The OP mentioned Donald Kingsbury. Well, he apparently spent 20 years writing Courtship Rite and in the meantime has published Psychohistorical Crisis clearly an extension of Asimov’s Foundation series (except with all the names changed to avoid copyright problems–for example, Trantor was changed to Splendid Wisdom). He never mentioned to me that he was working on a sequel to Courtship Rite. We were colleagues, although both long retired.
I rather doubt that Steve Brust will ever finish the last five books of the Vlad series. He seems to have lost interest and is currently working on the sixth Khaavren romance. And he smokes like a chimney.
I wish Sharon Shinn would write the obviously required fifth book of her elemental blessings series, but she told me she has no intention of doing so.
And I wish Laura Anne Gilman would write another couple of Wren stories, but I guess she has no intention of doing so. Or more Bonnie stories. She has about the most sympathetic heroines around. As does Sharon Shinn.
Peace Talks (the next book in the Dresden Files series) is done and in the hands of the publisher. It should be out next year.
Jim Butcher had a whole lot of crap going on in his life (divorce, his dog died, his new house construction was delayed by a massive amount due to incompetent contractors, etc.) that made it difficult for him to write.

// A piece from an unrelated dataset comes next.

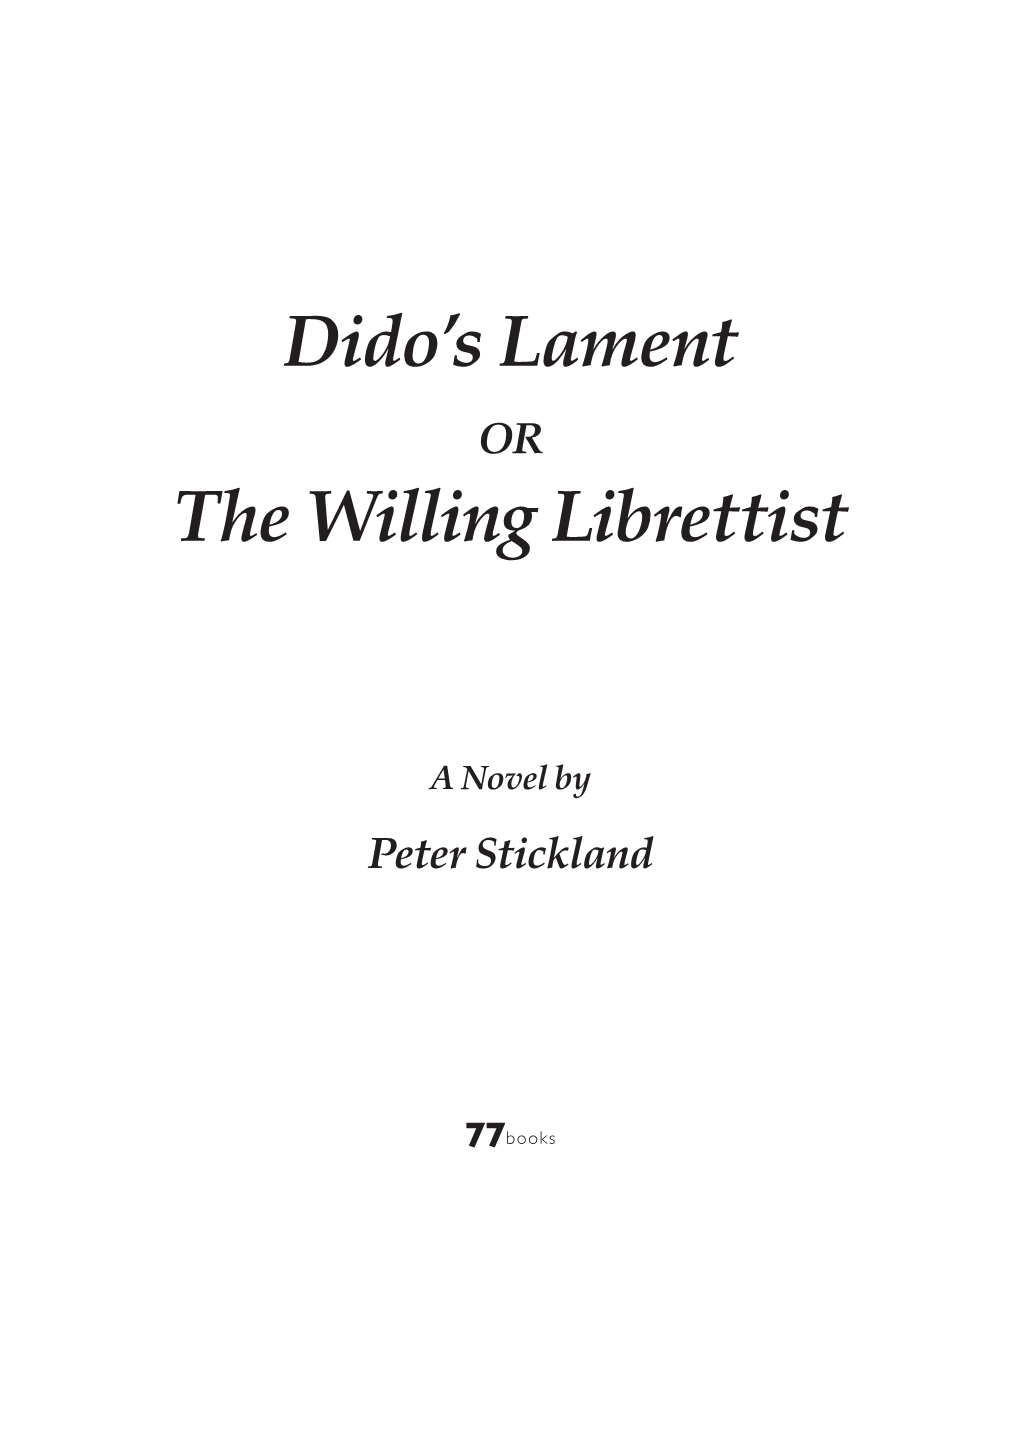 Dido's Lament the Willing Librettist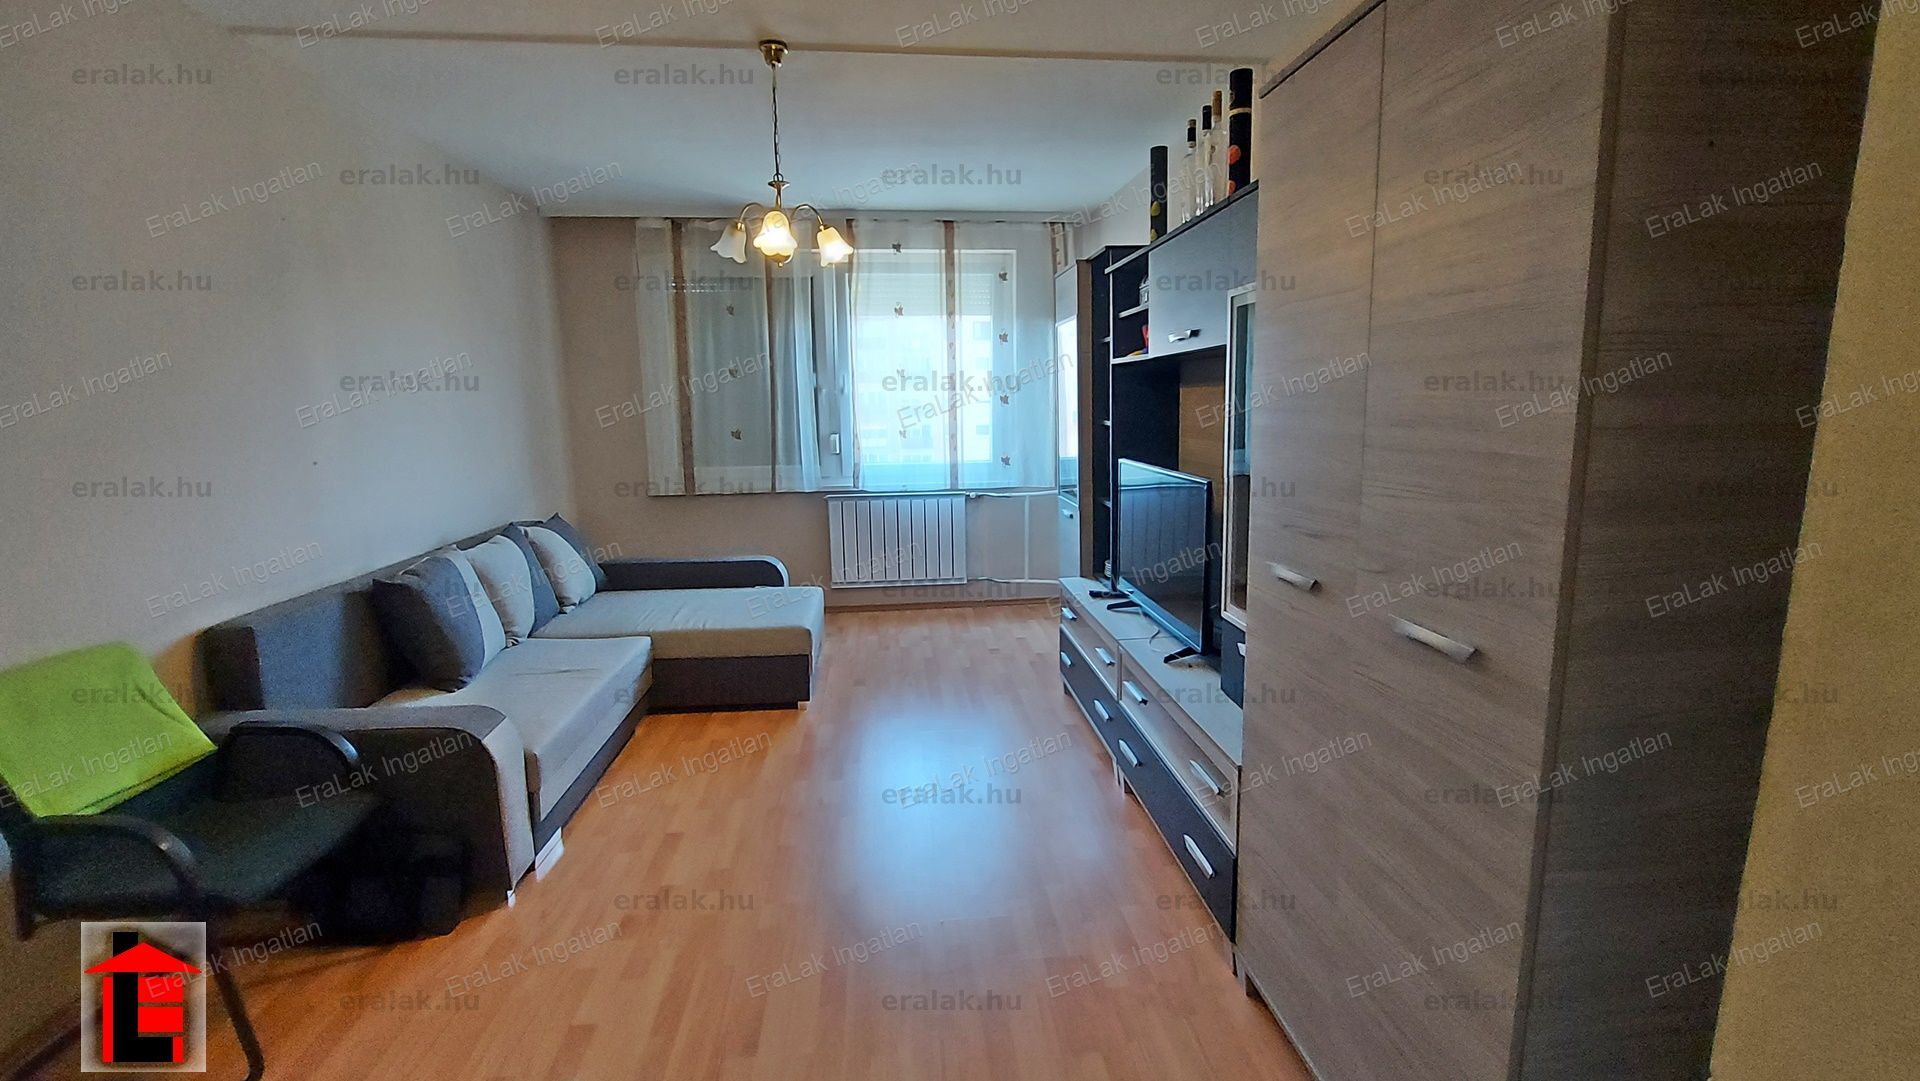 Győr-Marcalvárosi két szoba hallos társasházi lakás eladó.

He’s back on track now, so I think we’ll start seeing the books coming faster.
Aye. :mad:
Stephen R. Donaldson (yes, him) will prolly never write another Mick Axebrewder book even tho he says he’s working on one.
As long as he gets back to the Cinder Spires sometime soon I’ll forgive him the delay on the Dresden Files.
Kingsbury has completed drafts of the book and publishers have seen it so the manuscript does exist in some form.
It’s apparently one of the earliest things he wrote. I found a 1982 interview where he spoke of it and at that point he said he had been “polishing the manuscript” for thirty-five years. In a 2006 article, he said he was still working on it.
The Finger Pointing Solward may not really be a sequel to Courtship Rite. The two novels share a common background; The Finger Pointing Solward was written first but is set later than Courtship Rite.
So we apparently have a novel that’s been around in some completed form since 1947 but still is being revised for publication.
I linked to two of the completed versions in post #34.
The C. Northcote Parkinson book is available here.
NM
Can we include movies?
I doubt we’ll ever see:
- History of the World part II
- Spaceballs III - The Search For Spaceballs II.